Alfa felt like an italian 3 series inside but it had decent ergonomics (yeah i know!! italian!). It also felt really agile. the damping was defintely on the firm side but of the 3 it was by FAR the best to drive. the gearbox was always ready with the right gear, in dynamic mode the changes were almost telepathic. the steering is spectacular...so fast and delicate. It was the only car of the 3 i consistently chose to take the long road home even adding an hour to my journey by going down from inverness via the A82 just for shits and giggles.
Is Alfa back?
I test-drove the 150hp diesel and the 200hp petrol Giulia. Only the 200hp car got 1 out 3 of my preferences, the automatic, turbo-diesel none. Which somehow I preferred. Quiet, smooth, eager, zippy, seamless gear changing, I was shocked! The petrol had even more go, but was not smoother, somehow. Maybe it was just the particular ones I drove. There was nothing big I disliked, in fact on the main issues, wow! The chassis? Wow! I didn't like the fuel/temp gauges and the limited info per screen selection- couldn't have trip computer and outside temp for example- unless it can be changed in the settings.
I liked the article and I am not sure why there are so many negative comments about each person's preferences? Cars have to fulfill multiple roles, with different interpretations of those roles and of course completely different priorities. The XE does have less rear room and boot space. But should that count against it for me when only a few times a year I have more than 1 passenger?
Now because I know Alfa will be reading this, here is their next car: a compact Giulia/slightly longer Giulietta, with a notch-back for practicality (a la Alfasud Sprint/4-series), cloth seats, a great stereo and of course mine in Alfa rosso. Oh, manual, petrol multi-jet non-turbo, with decent real-world economy/emissions.
Hah!
This article is spot on about Nic's writing in particular
https://driventowrite.com/2016/06/02/when-words-collide/
"No, the prime beef here is Nic Cackett’s verbal prolixity; a verboseness that steadfastly ploughs through the rev limiter of verbiage, crosses the central reservation of garrulousness, before mounting the barriers of tautology and smashing to pieces in a shower of pleonasm. Yes indeed, with this piece Mr. Cackett, our Cup truly runneth over."

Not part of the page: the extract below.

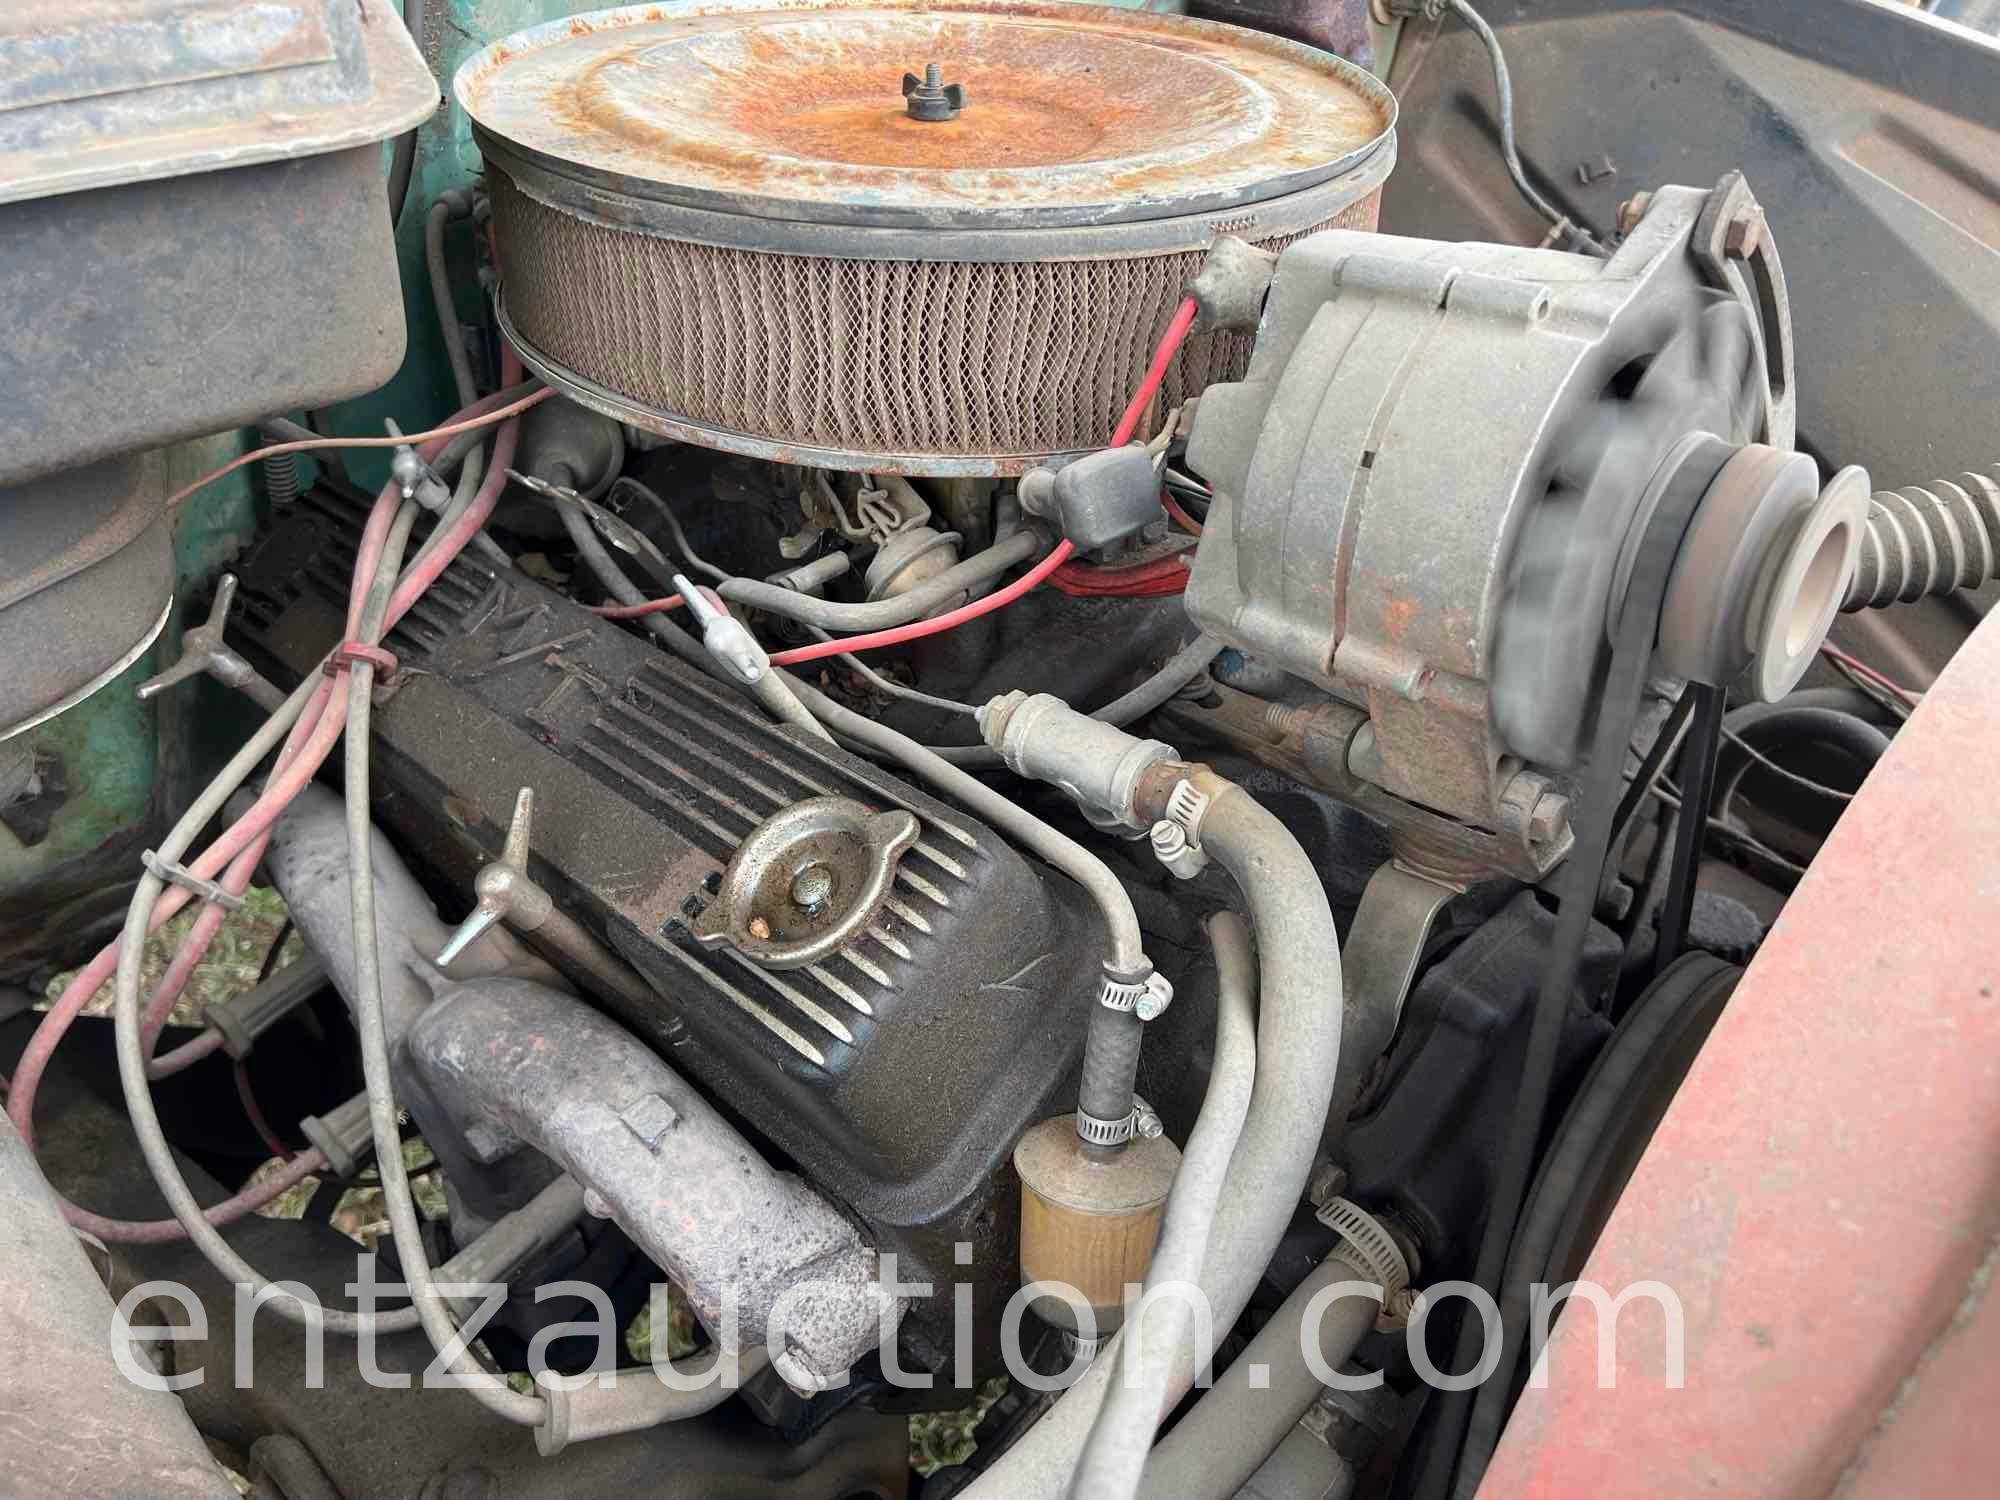 1966 CHEVY C30 TRUCK, 350 ENGINE, 4 SPEED TRANS.,
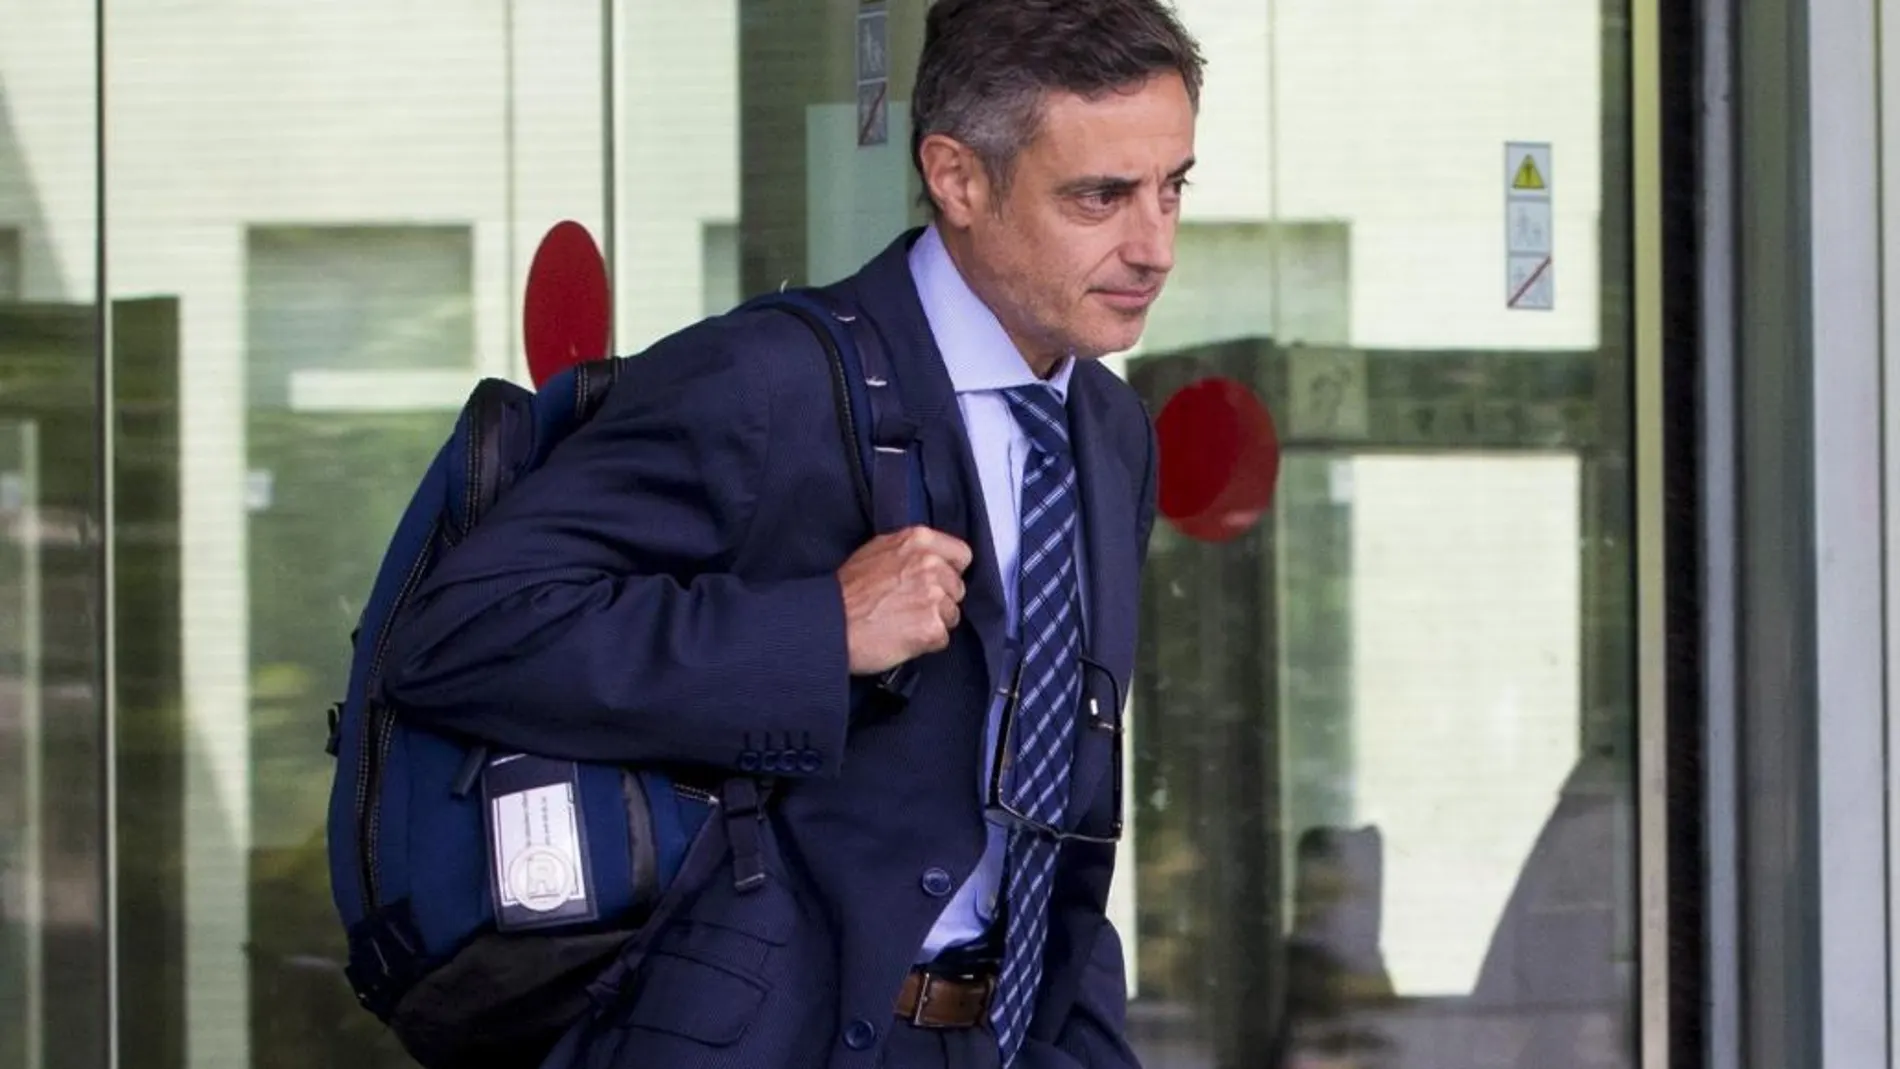 El fiscal Anticorrupción, Emilio Sánchez Ulled, abandona la Ciudad de la Justicia después de exponer sus informes finales del juicio por el expolio del Palau de la Música

But regarding this actual test, what I have been able to surmise/extrapolate from the sea of word vomit, is that the Giulia is quicker, lighter, just as good to drive, better looking (subjectively), but that the main knob for controlling the infotainment doesn't feel as nice to hold, so the whole car isn't as good. Seem about right?
I own a BMW btw - M135. Have driven 3 series etc, the interiors aren't THAT good in terms of build quality/rattles etc. Where BMW are leagues ahead though is engines imo. However, from the article it seems the new multijet gets high praise also.
Come time for my next car the Giulia will be a serious contender, particularly when the 280hp petrol arrives. However, this car press bias really needs called out.